Frieda was barely fourteen and had her brother’s dreamy imagination, her father’s positive outlook on life and her mother’s good looks.
‘Perhaps they will stop the advance soon,’ Frieda said.
‘It would take a miracle to stop the Red Army,’ replied her mother, dropping the saucepan of water rather too heavily down on the table so that water sloshed over the sides. ‘They hate us. We need a miracle.’
‘We need to leave,’ said Elsa as she unwrapped the two scrawny chicken legs, wondering how she could share them out between five people. ‘The Red Army won’t stop.’
‘Shh. Klaus is here. No more talk of leaving.’
* * *
‘What a feast!’ declared Klaus, her grandfather’s friend, as Elsa set his plate of cabbage, potatoes and a sliver of chicken in front of him.
Everyone smiled humourlessly in agreement.
Elsa fetched the last two servings and set them down in front of her mother and her own chair, before taking her seat.
She looked at the faces around the table as they began eating.
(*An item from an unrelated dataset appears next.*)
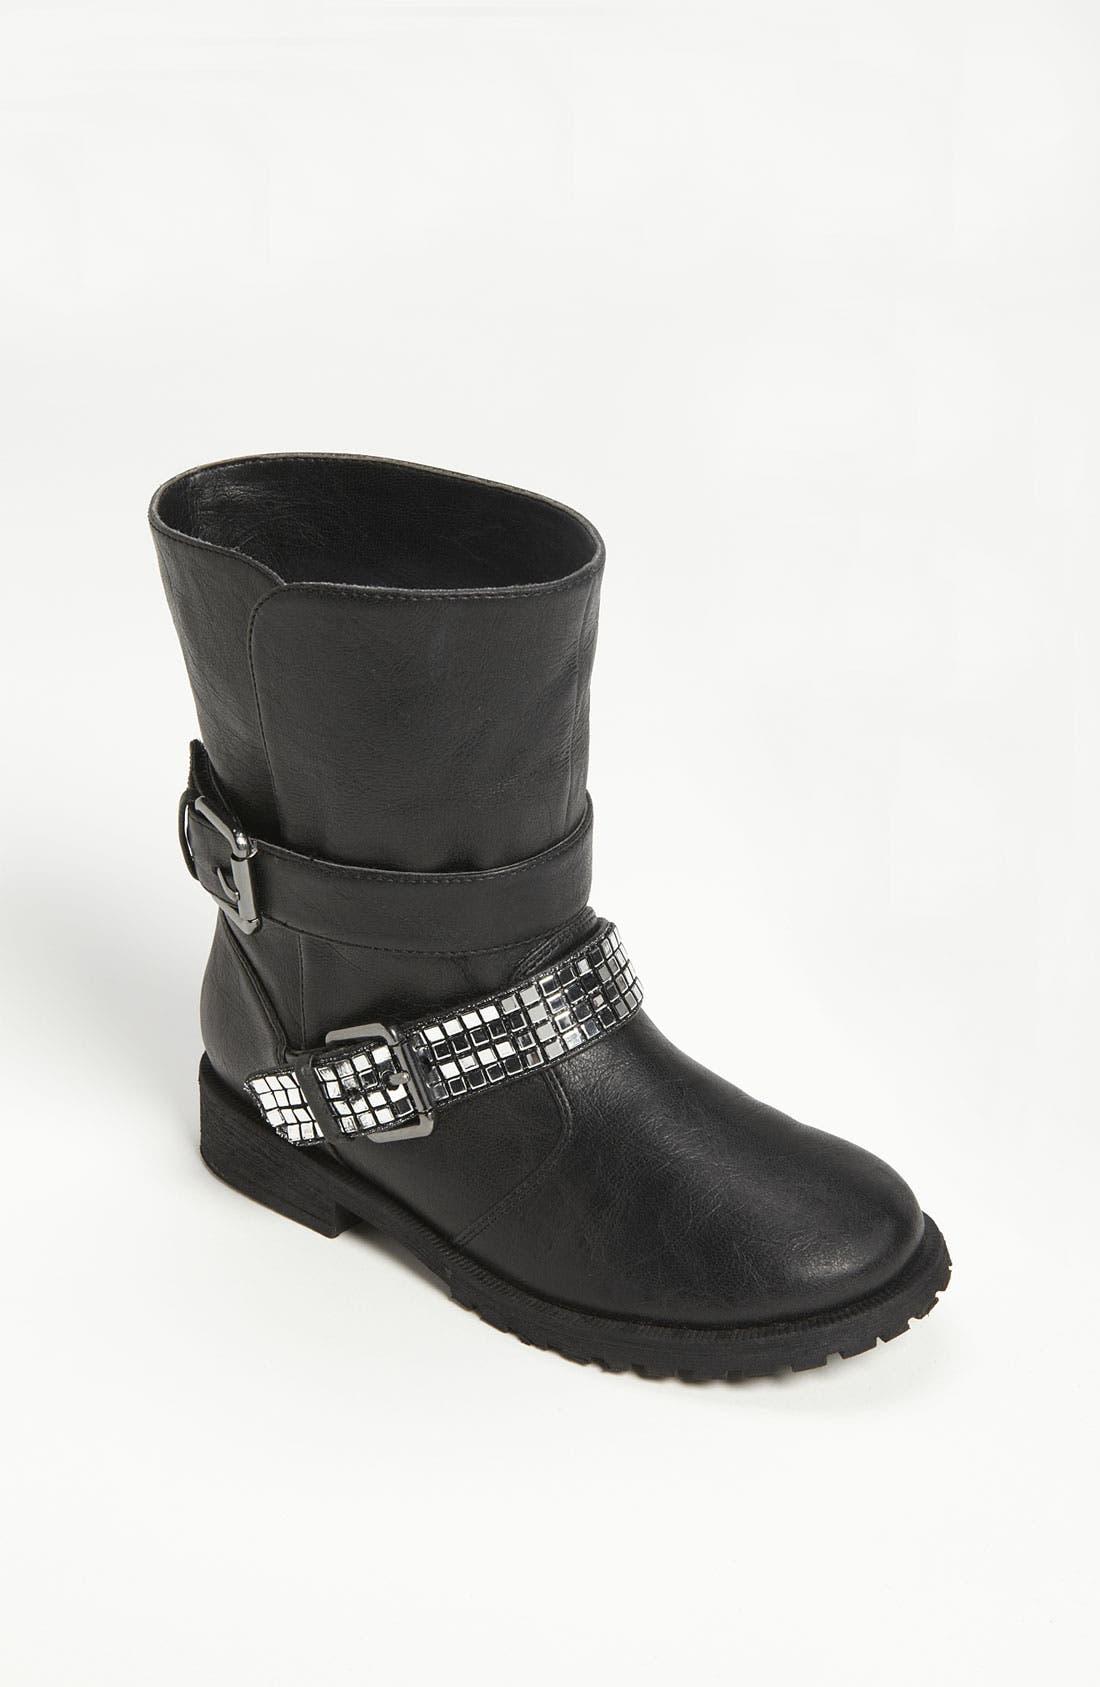 Main Image - Nordstrom 'Lindy' Boot (Toddler, Little Kid & Big Kid)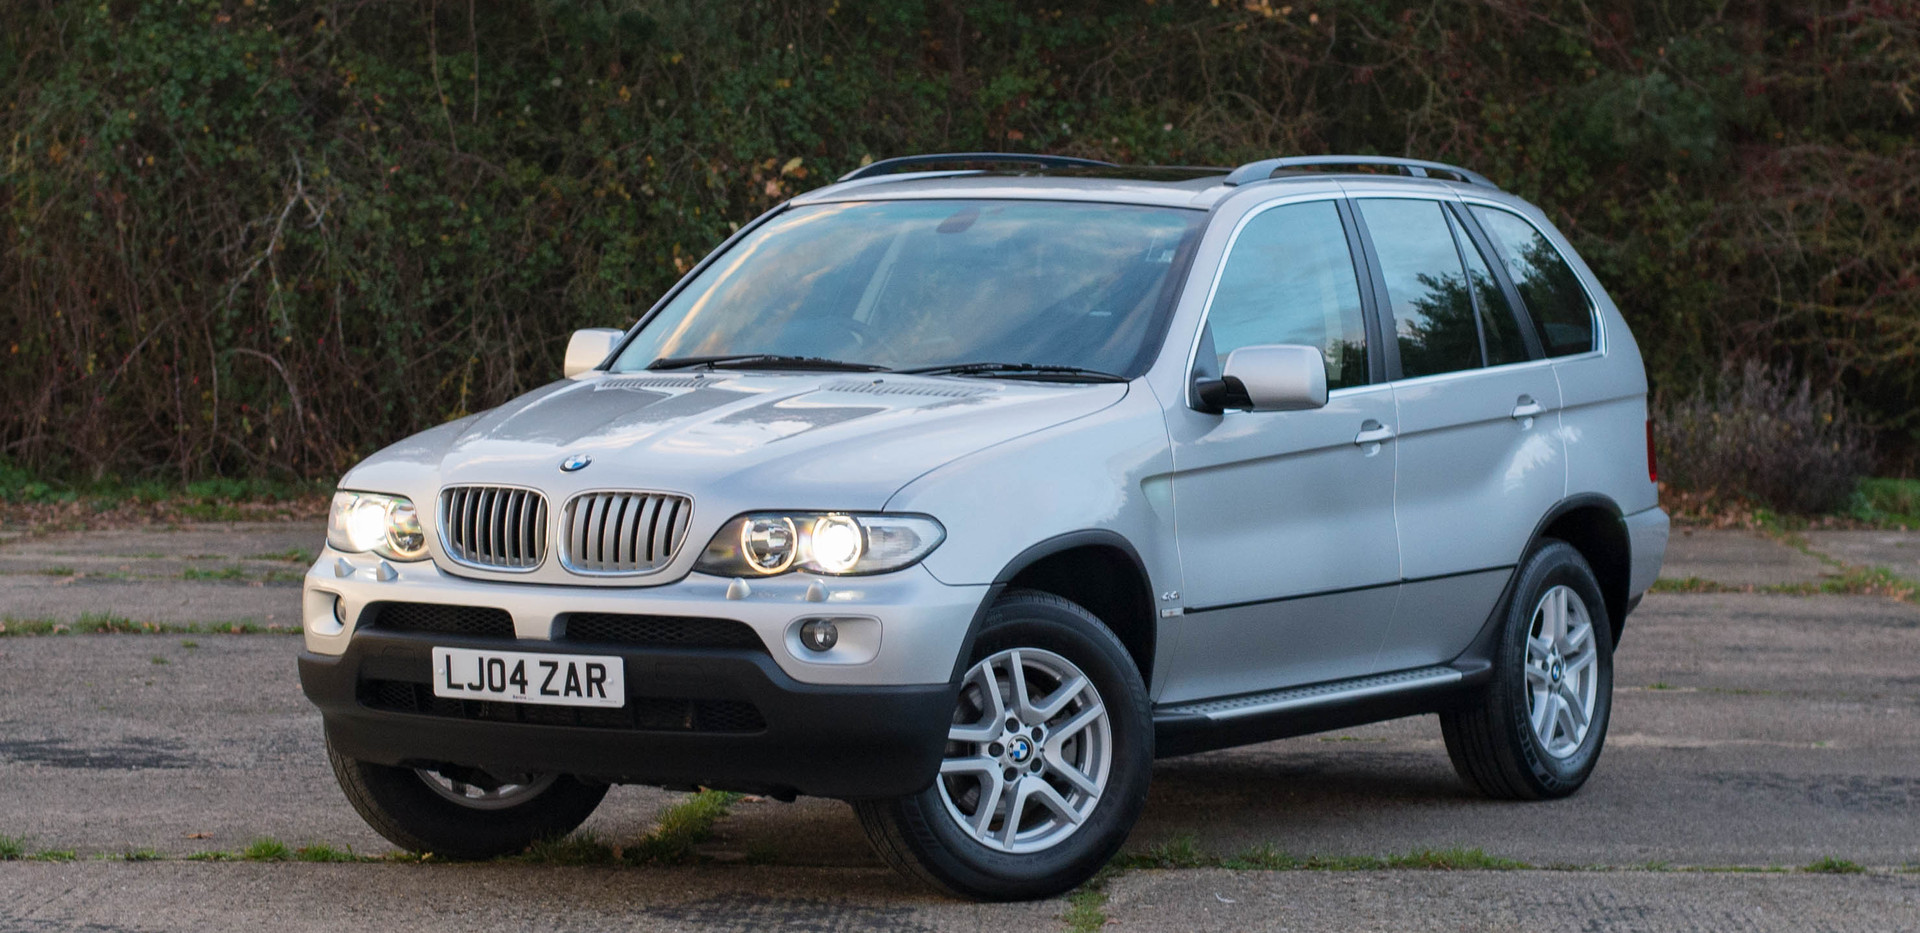 BMW E53 X5 4.4i For Sale UK London  (40

The sound of the refugees quietly talking and moving in the spare rooms filtered down to them through the floorboards, casting a veil of tension over the room.
Her brother’s chair was empty, her father’s taken up by their visitor.
Elsa picked up her knife and fork to pretend all was well, but her thoughts must have showed on her face as her mother gave her a knowing look and glanced at Klaus.
It was a subtle reminder to be careful: Klaus still had a poster of Hitler on his living room wall at home. Elsa nodded and began her meal.
‘We try our best,’ replied her mother, as if there had been no pause in conversation at all. ‘Food is in such short supply these days.’ She delicately stabbed her cabbage with her fork. ‘It is a surprise to see you here, Klaus,’ she added as she sliced the green leaves as if they were steak.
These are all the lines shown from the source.